Van het weekend was ik op stap in Amsterdam. Eerst moest ik nog een flat laten zien aan iemand. Ik klus zo nu en dan bij als makelaar, moeten jullie weten. Ik liet dat meisje die flat zien zoals alleen ik dat kan. Ik opende deuren, wees op de enorme koelkast, showde het balkon (‘Hier heb je de hele dag zon. En als je wat plastic of riet rondom die spijlen monteert dan kan je hier gewoon nakende liggen.’), demonsteerde de parlofoon en vervolgens stonden we al weer buiten. Het regende lichtjes, maar het was vooral benauwd en drukkend.

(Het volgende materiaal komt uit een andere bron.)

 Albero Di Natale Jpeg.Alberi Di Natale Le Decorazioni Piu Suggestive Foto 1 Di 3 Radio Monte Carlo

Vervolgens ging de tocht naar Perdu waar de prachtbundel ‘De Vloeibare Jongen’ van goede vriend Thomas Möhlmann gepresenteerd zou worden. Voor de deur troffen S. en ik al vriendin J. Routinieus ging ik naar binnen en zei tegen het meisje dat bij de gaderobe stond, dat wij op de lijst stonden. (‘Ik sta op de lijst,’ zei ik. Ik vind dat een ontzettend leuk zinnetje en ik zeg hem graag en vaak, ook als ik niet op de lijst sta.) Binnen was het reeds een drukte van belang. Druk en warm en met rood licht en midden in die warme, rode drukte stond een andere vriendin J. Perdu zelve was vol met dichters en schrijvers en muzikanten en ander literair volk. Er waren voordrachten en optredens en muziek en cadeaus. Ik denk vooral dat Thomas Heel Erg Blij en Trots was. Dat hij alle prijzen wint die er bestaan.

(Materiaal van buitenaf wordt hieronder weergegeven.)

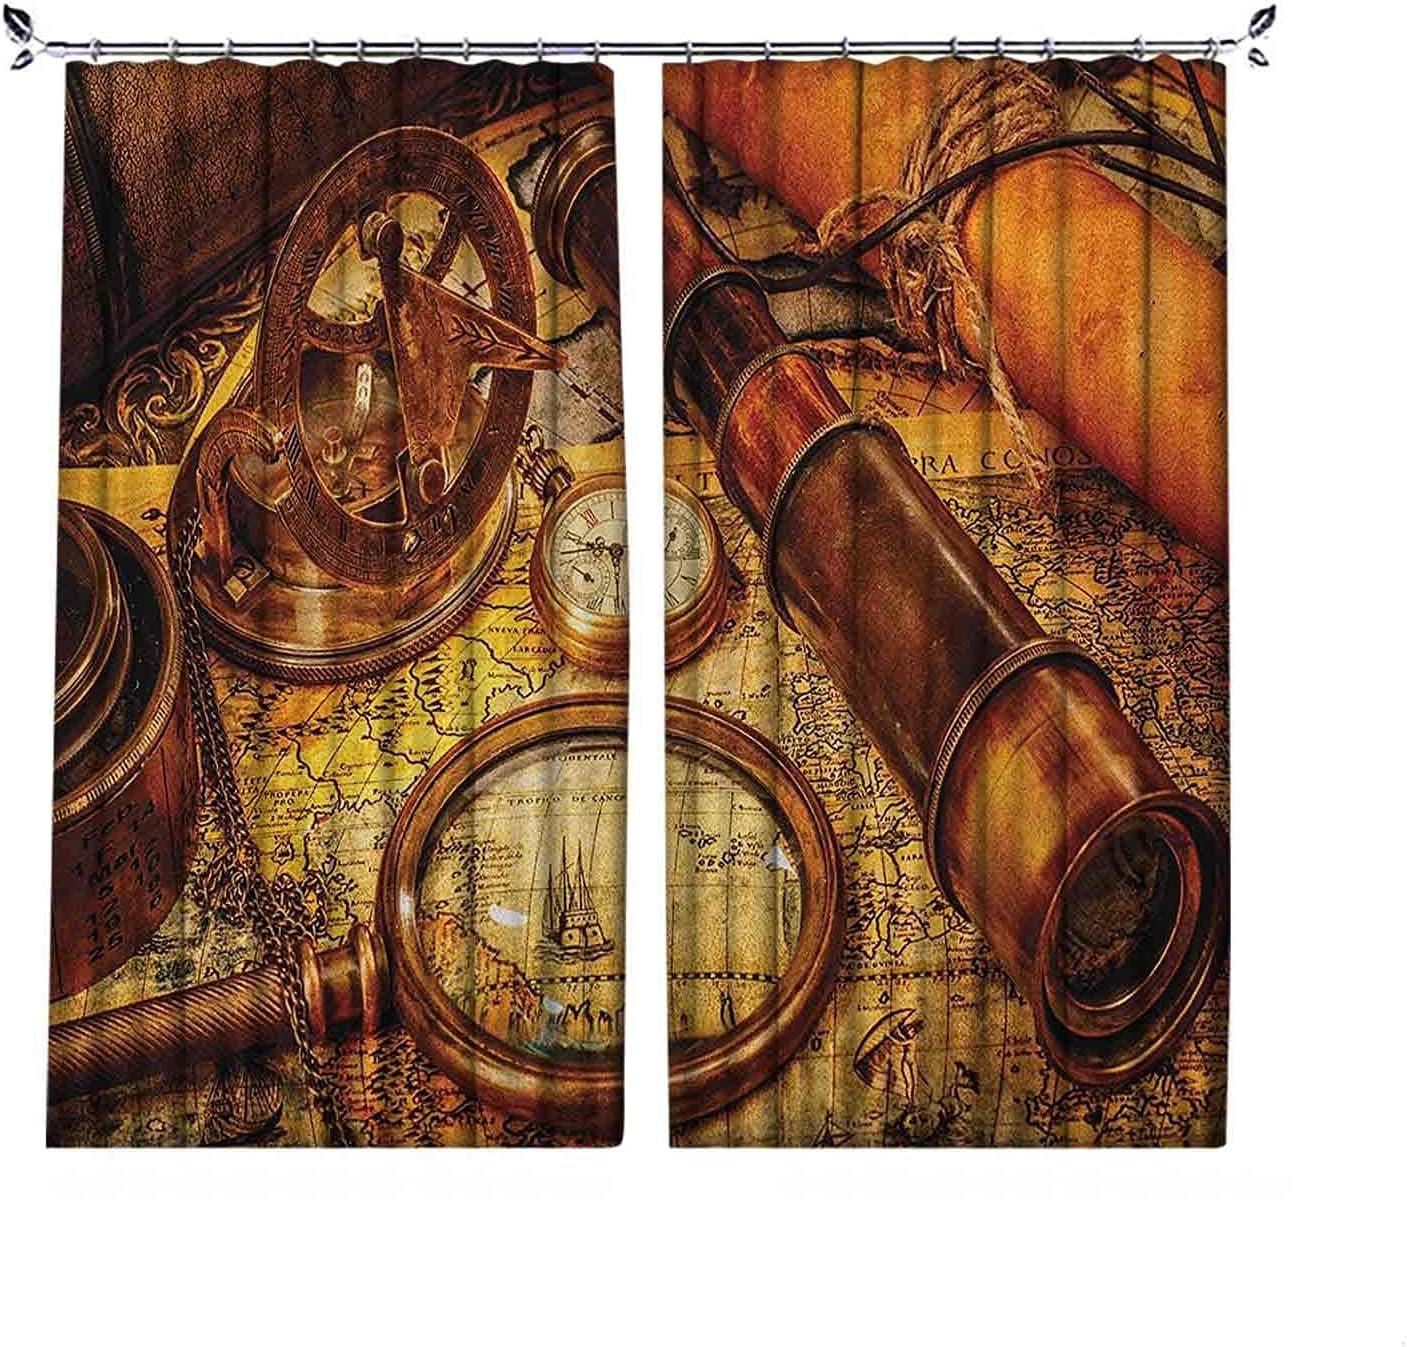 Cortinas plisadas con aislamiento térmico y antigüedades, lupa con telescopio y reloj de bolsillo en un mapa antiguo, para barras transversales y rieles, 84 x 84 pulgadas, naranja, marrón, amarillo

Daarna ging het naar het Amsterdamse dj-café TWSTD. Binnengekomen stelden we teleurgesteld vast dat er slechts een of andere vijfderangs plaatjesdraaier zijn ding stond te doen, maar dat mocht de pret niet drukken. Vriend M. kwam ook langs en daarna vriendin S. en wij dronken biertjes en gaven namen aan het bij tijd en wijle afschuwelijke volk dat rond aan het drentelen was. (‘Die vrouw daar, die is minstens 70,’ zei ik tegen M. ‘Laten we haar Willemijn noemen,’ stelde hij voor.)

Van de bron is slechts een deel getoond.